It is the start of a new year! No doubt many families are trying to get back into their routines and reinstate healthy and positive behaviors for themselves and their children. If you are like most parents, you probably have a number of resolutions for your family: eating better, keeping to a routine, spending more time together, etc. But consider adding “getting more sleep” to your list.
The number of children in America who are sleep deprived is remarkable. Some researchers suggest that 4 out of every 10 children are not getting enough sleep.

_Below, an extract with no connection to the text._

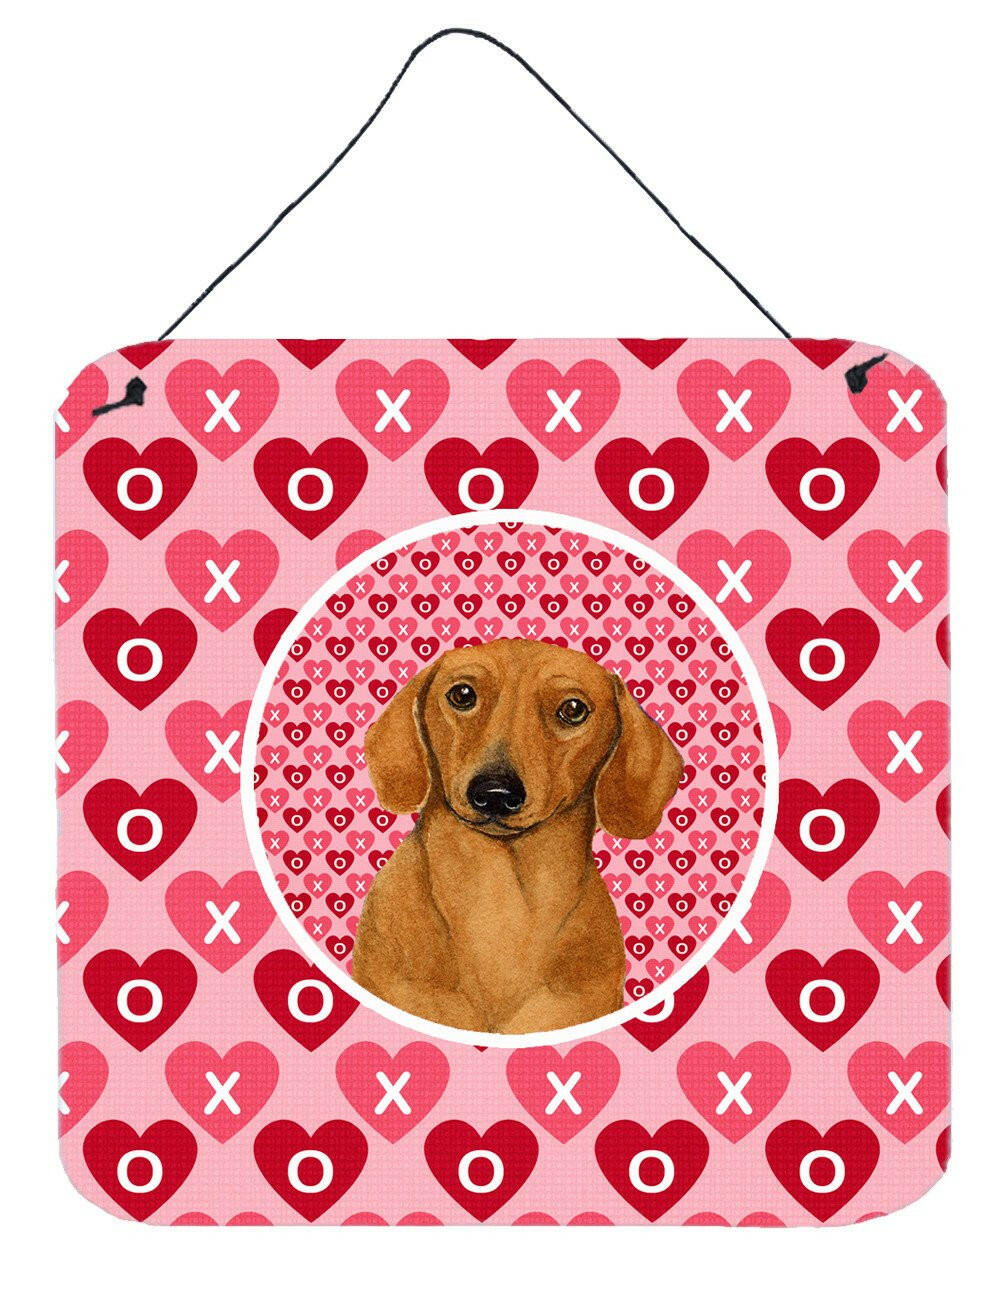 Dachshund Valentine's Love and Hearts Wall or Door Hanging Prints by Caroline's Treasures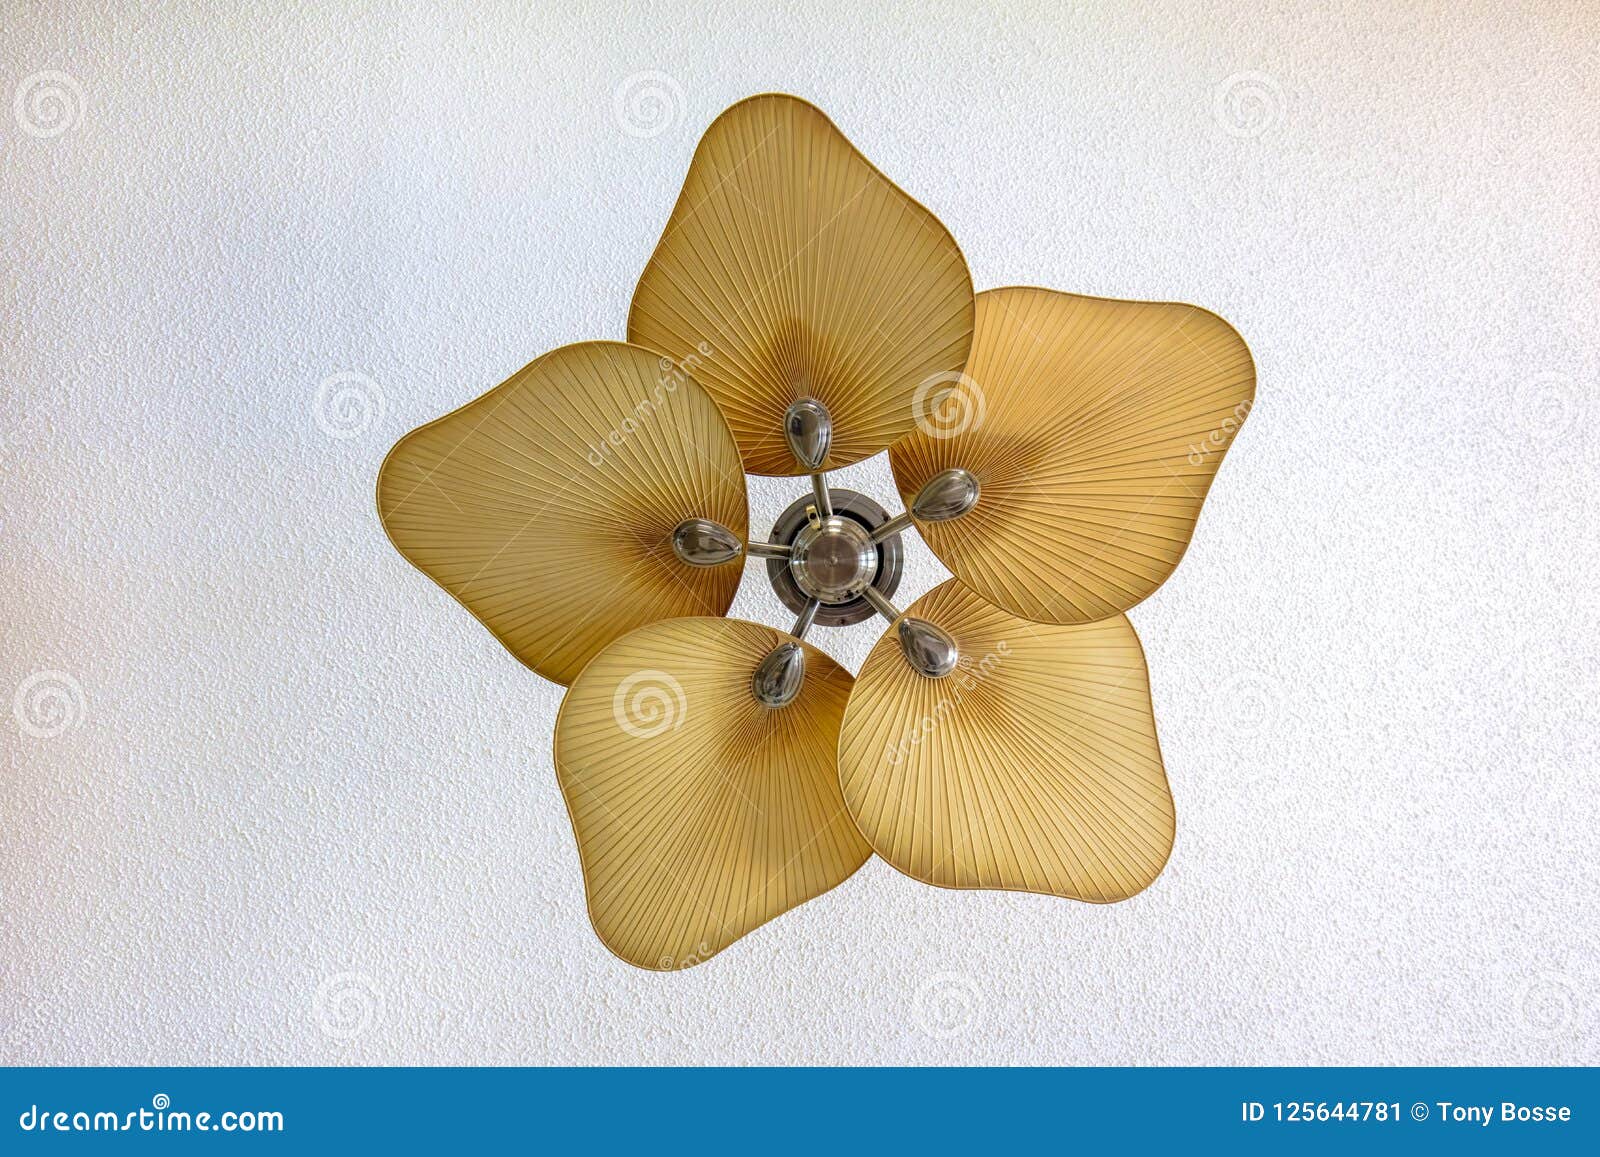 Ceiling Fan With Leaf Shaped Blades Stock Image Image Of

But why is sleep so important?
Lack of sleep can have a negative effect on children’s performance in school, on the playground, and in social and family relationships. Researchers have shown that symptoms of sleep deprivation look a lot like symptoms of ADHD:
- decrease in performance skills, concentration ability, reaction time, and the ability to understand and retain information; or
- increase in memory lapses, accidents and injuries, behavior problems, and mood problems, especially irritability.
It is up to us, as parents, to ensure that our children are able to do their best, and that includes making sure they get enough sleep.
How can you tell if your child is sleep deprived?
The average school-aged child needs between 9 and 10 hours of sleep per night. When sleep is insufficient in either quantity or quality, certain signs are there.
- Hard to wake. Children who do not get enough sleep often do not wake up spontaneously; they must be awakened, sometimes with great difficulty.
- Groggy. Another sign is that your child is sleepy when they wake up, which results in often rushed or missed breakfast and slower time getting ready in the morning.
- Falls asleep in class. Children who are sleep deprived often appear sleepy in school and may even fall asleep in class.
- Poor concentration. You or the teacher may notice that your child is having trouble concentrating in class and is not finishing work on time.
- Irritability, especially late in the day, is also a sign.
- Late weekend sleeper. If your child is sleeping much longer and later on the weekends, he might be making up the sleep he missed during the week.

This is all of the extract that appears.